Deobfuscating APT28’s HTA Trojan: A Deep Dive into VBE Techniques & Multi-Layer Obfuscation
Summary
I have recently noted
that APT28 conducts cyber espionage on Central Asia and Kazakhstan diplomatic
relations, and the report from sekoia.io, the third
part of the report referring to HATVIBE and CHERRYSPY infection chain, which
related to another report from CERT-UA, attracted me to the
extension. That sample is heavily obfuscated, so here it is, for this analysis, we will
focus on doing deep dive with x32dbg debugging. Base on
the last report title “Unveiling APT28’s Advanced Obfuscated Loader
and HTA Trojan: A Deep Dive with x32dbg Debugging” posted in 2025.02.25, But now on this report I will
make a further process into the algorithm that decodes APT28’s HTA Trojan; it
is very interesting to dive deeper inside.
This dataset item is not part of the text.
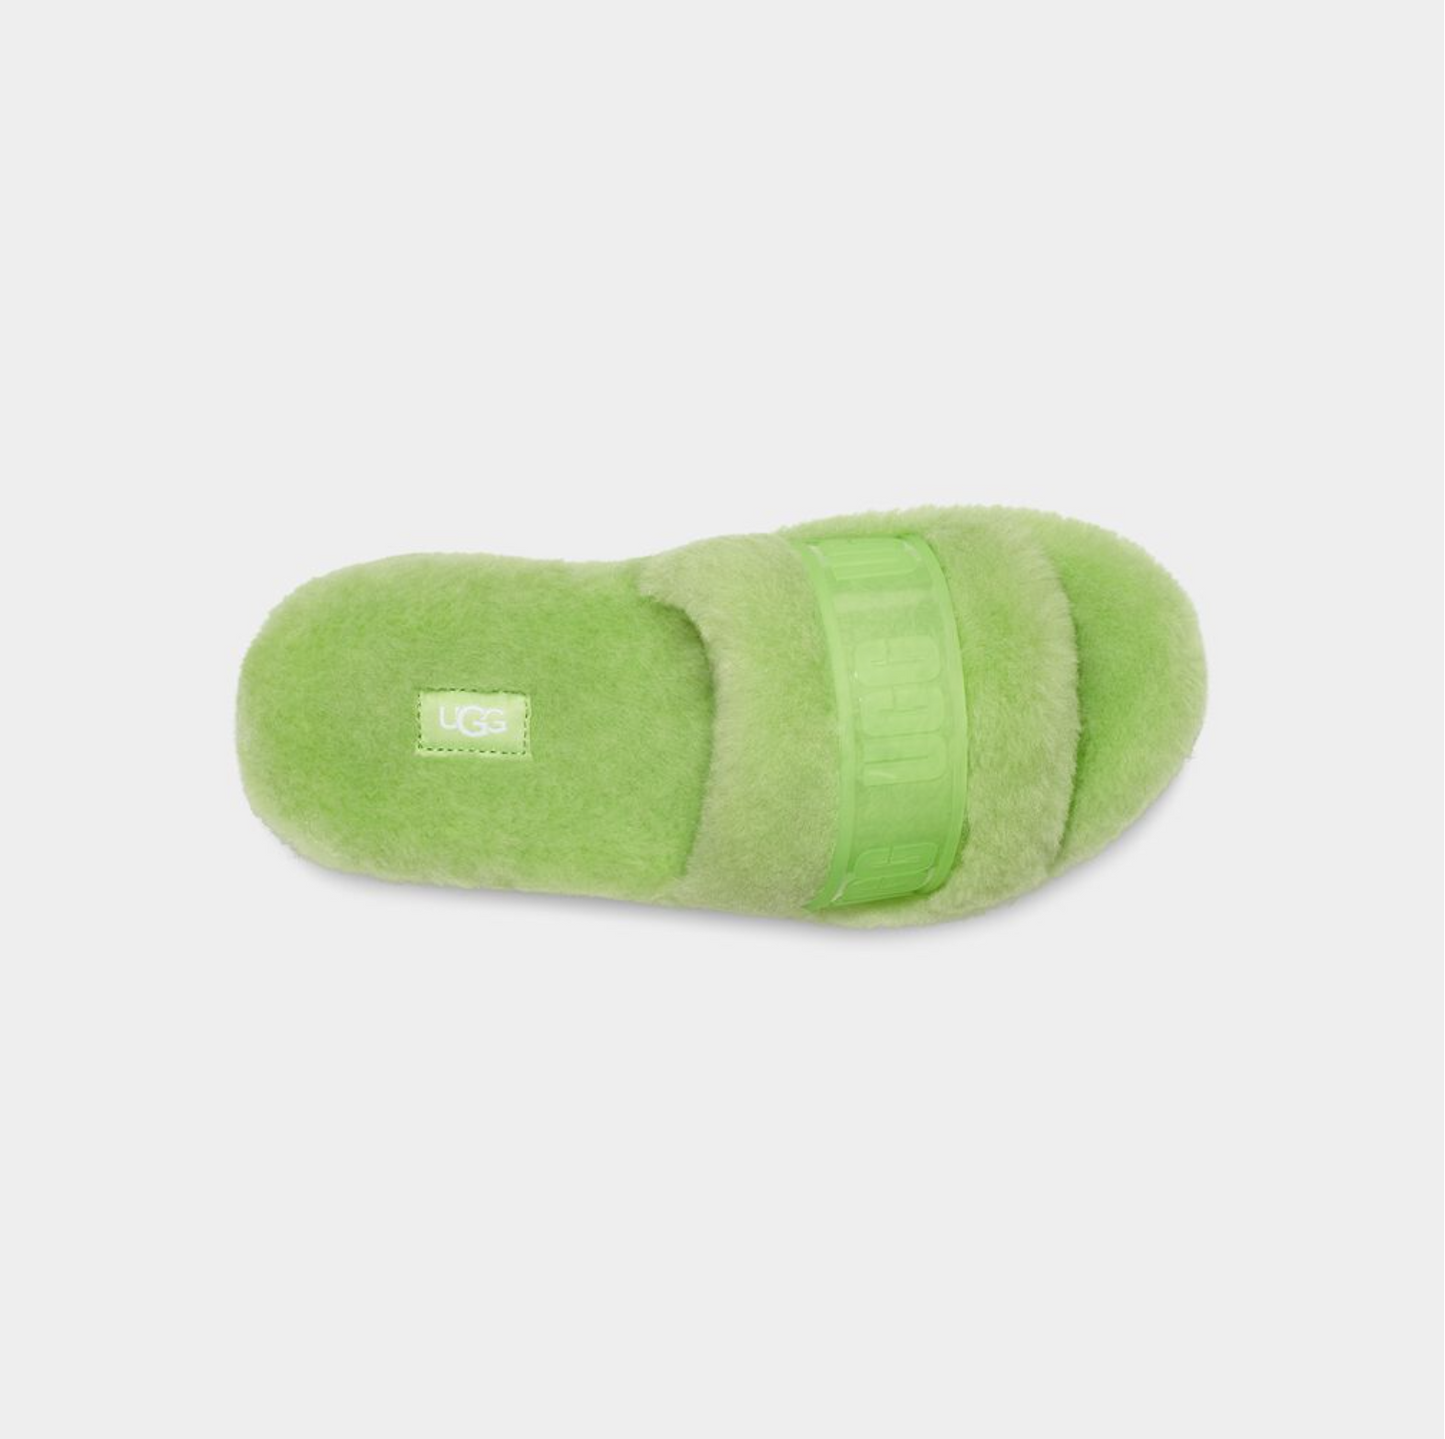 UGG Fluffita Green & Clear - Size 10

In brief, I am so excited to see
what’s happened and what evasion technique it used.
Technical analysis
The
sample HASH md5 d0c3b49e788600ff3967f784eb5de973
Sha256: 332d9db35daa83c5ad226b9bf50e992713bc6a69c9ecd52a1223b81e992bc725
Format:
plain text
First, let’s go back to the obfuscated code of HTA Trojan, and I noted that some similar features seem to use “@#@” to split the long strings, so I remade the code more readable as follows.
Fig.1-manually
split with "@#@"
Let’s continue the work based on the last report I posted, it decodes the obfuscated code and controls the interaction with the end string “1JICAA==^#~@.”. The assemble command “add edi,2” is the address designed to search for the next character obfuscated to be decoded.
Fig.2-interaction
strings
From the result of comparing, if it is not the end, it will continue to compare with EDX and EAX; if not bigger and equal, it will go to the next process of the interaction loop. The Edx registry is pointing to the memory of the decoded, and the EAX registry will be handled with.
Fig.3-both
edx and eax
Let’s move and have a look at what a character obfuscated will be decoded to, the obfuscated strings in the DS segment, and use EDI to change the address with character-by-character, and now turn to the character “x”
Fig.4- the
character “x” will be decoded
Let’s move forward, and
we can find the next coming character obfuscated compared to 80H (128) and jump
forward if the result is true. And it seems that it will randomly choose the
character ‘n’ imbedded into Trojan and give it to the AX registry as follows.
Fig.5-chosen
by imbedded character
And now let’s observe and see what’s happened. The value of the AX registry was copied to the memory area of the decoded; yeah, that’s it.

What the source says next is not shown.